There is an R library called rtweet which will be used to download the tweets and create a data frame. Use the code given below to proceed:

[code language=”r”]
install.packages(“httr”)
install.packages(“rtweet”)
library(“httr”)
library(“rtweet”)
# the name of the twitter app created by you
appname <- “tweet-analytics”
# api key (replace the following sample with your key)
key <- “8YnCioFqKFaebTwjoQfcVLPS”
# api secret (replace the following with your secret)
secret <- “uSzkAOXnNpSDsaDAaDDDSddsA6Cukfds8a3tRtSG”
# create token named “twitter_token”
twitter_token <- create_token(
app = appname,
consumer_key = key,
consumer_secret = secret)
#Downloading the tweets posted by Emma Watson
ew_tweets <- get_timeline(“EmmaWatson”, n = 3200)
[/code]

Exploratory analysis

Here we’ll summarize the dataset by visualizing the following:

Number of tweets posted from 2010 to 2018
Tweet frequency over the months
Tweet frequency through a week
Tweet density through a day
Comparison of the number of re-tweets and original tweets

Year-wise tweets

We’ll be using the amazing ggplot2 and lubridate library to plot charts and work with the dates. Go ahead and follow the code given below to install and load the packages:

[code language=”r”]
install.packages(“ggplot2”)
install.packages(“lubridate”)
library(“ggplot2”)
library(“lubridate”)
[/code]

Execute the following code to plot the count of tweets over the years by breaking down into months:

[code language=”r”]
ggplot(data = ew_tweets,
aes(month(created_at, label=TRUE, abbr=TRUE),
group=factor(year(created_at)), color=factor(year(created_at))))+
geom_line(stat=”count”) +
geom_point(stat=”count”) +
labs(x=”Month”, colour=”Year”) +
xlab(“Month”) + ylab(“Number of tweets”) +
theme_minimal()
[/code]

The result is the following chart:

We can see the break-up of the month-wise tweets (spikes on March 2014, March 2016 and October 2015) over the years, but interpretation is difficult. Let’s now simplify the chart by plotting only year-wise tweet counts.

[code language=”r”]
ggplot(data = ew_tweets, aes(x = year(created_at))) +
geom_bar(aes(fill = ..count..)) +
xlab(“Year”) + ylab(“Number of tweets”) +
scale_x_continuous (breaks = c(2010:2018)) +
theme_minimal() +
scale_fill_gradient(low = “cadetblue3”, high = “chartreuse4”)
[/code]

The resulting chart shows that she was most active in 2015 and 2016 while 2011 witnessed least activity.

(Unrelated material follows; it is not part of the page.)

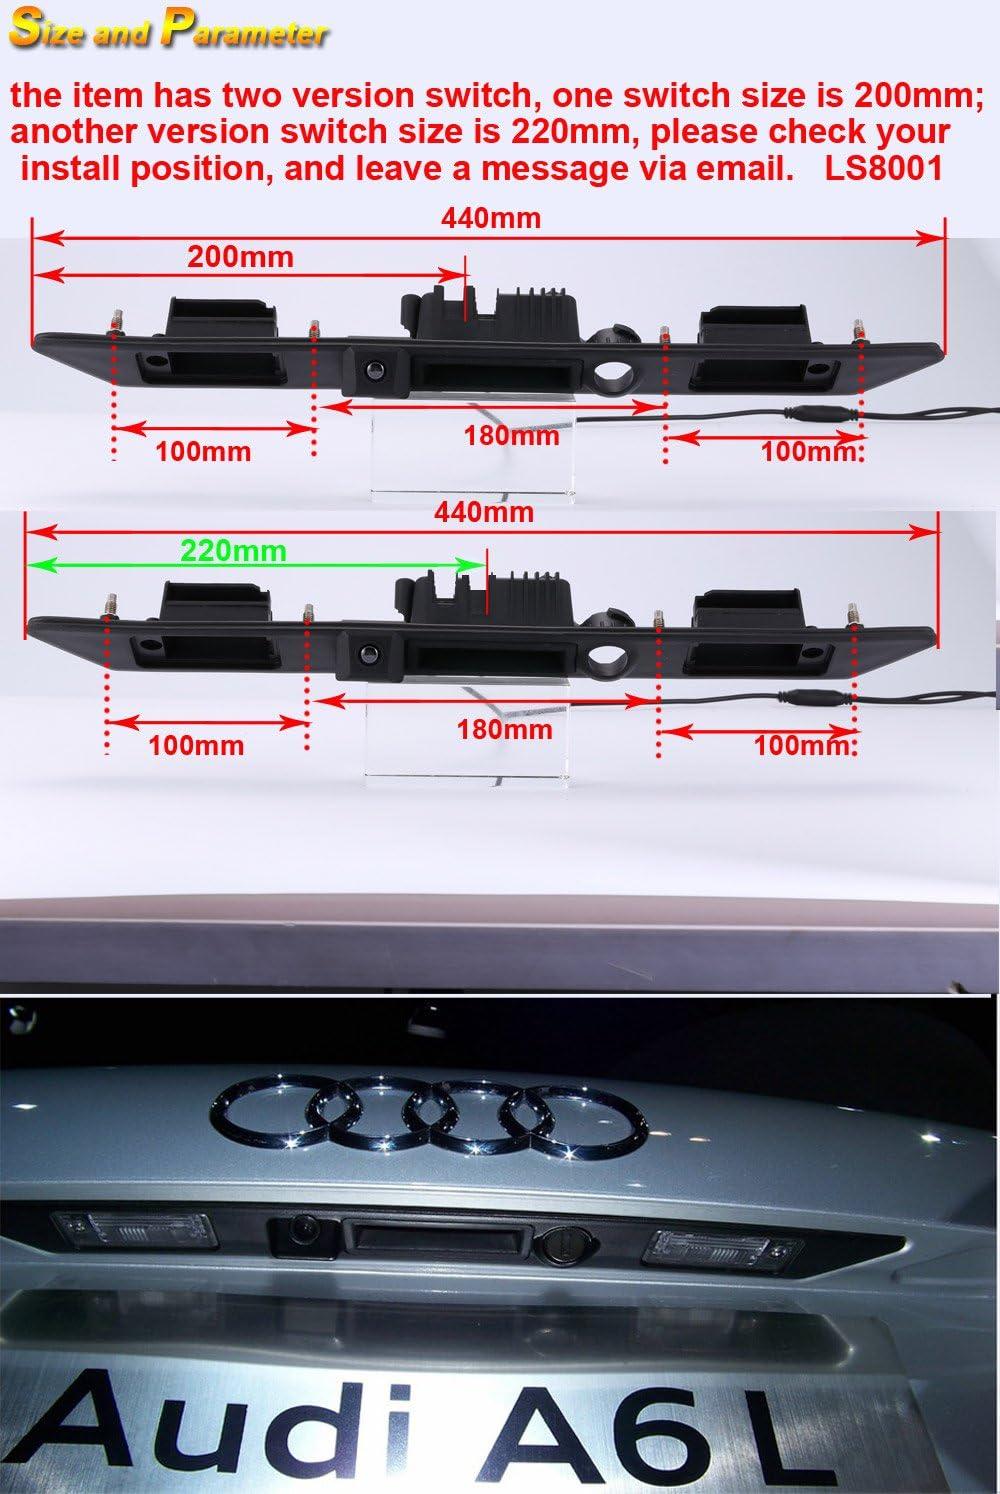 Rückfahrkamera für Audi A4 Cabrio 8H7 B6 Limo B7 S4 8E 8H S6 A6 A6L C7 4G A5 8T

Tweet frequency over the months

Let’s now find out in Emma Watson Twitter Data to see whether she tweets equally over the months of a year or there are any specific months in which she tweets the most. Use the following code to create the chart:

[code language=”r”]
ggplot(data = ew_tweets, aes(x = month(created_at, label = TRUE))) +
geom_bar(aes(fill = ..count..)) +
xlab(“Month”) + ylab(“Number of tweets”) +
theme_minimal() +
scale_fill_gradient(low = “cadetblue3”, high = “chartreuse4”)
[/code]

Clearly she is most active during ‘January’, ‘March’ and ‘September’.

Tweet frequency through a week

Is there any specific day of the week in which she is most active? Let’s plot the chart by executing the following code:

[code language=”r”]
ggplot(data = ew_tweets, aes(x = wday(created_at, label = TRUE))) +
geom_bar(aes(fill = ..count..)) +
xlab(“Day of the week”) + ylab(“Number of tweets”) +
theme_minimal() +
scale_fill_gradient(low = “turquoise3”, high = “darkgreen”)
[/code]

Hmm…she is most active on Friday. Probably getting ready to get into party mode?

Tweet density through a day

We’ve figured out the most active day, but we don’t know the time at which she is most active. The following chart will give us the answer.

[code language=”r”]
# package to store and format time of the day
install.packages(“hms”)
# package to add time breaks and labels
install.packages(“scales”)
library(“hms”)
library(“scales”)
# Extract only time from the timestamp, i.e., hour, minute and second
ew_tweets$time <- hms::hms(second(ew_tweets$created_at),
minute(ew_tweets$created_at),
hour(ew_tweets$created_at))
# Converting to `POSIXct` as ggplot isn’t compatible with `hms`
ew_tweets$time <- as.POSIXct(ew_tweets$time)
ggplot(data = ew_tweets)+
geom_density(aes(x = time, y = ..scaled..),
fill=”darkolivegreen4″, alpha=0.3) +
xlab(“Time”) + ylab(“Density”) +
scale_x_datetime(breaks = date_breaks(“2 hours”),
labels = date_format(“%H:%M”)) +
theme_minimal()
[/code]

This tells us that she is most active during 6-8 p.m. Note that the timezone is UTC (can be found out using `unclass` function. Keep this in mind while tweeting Emma.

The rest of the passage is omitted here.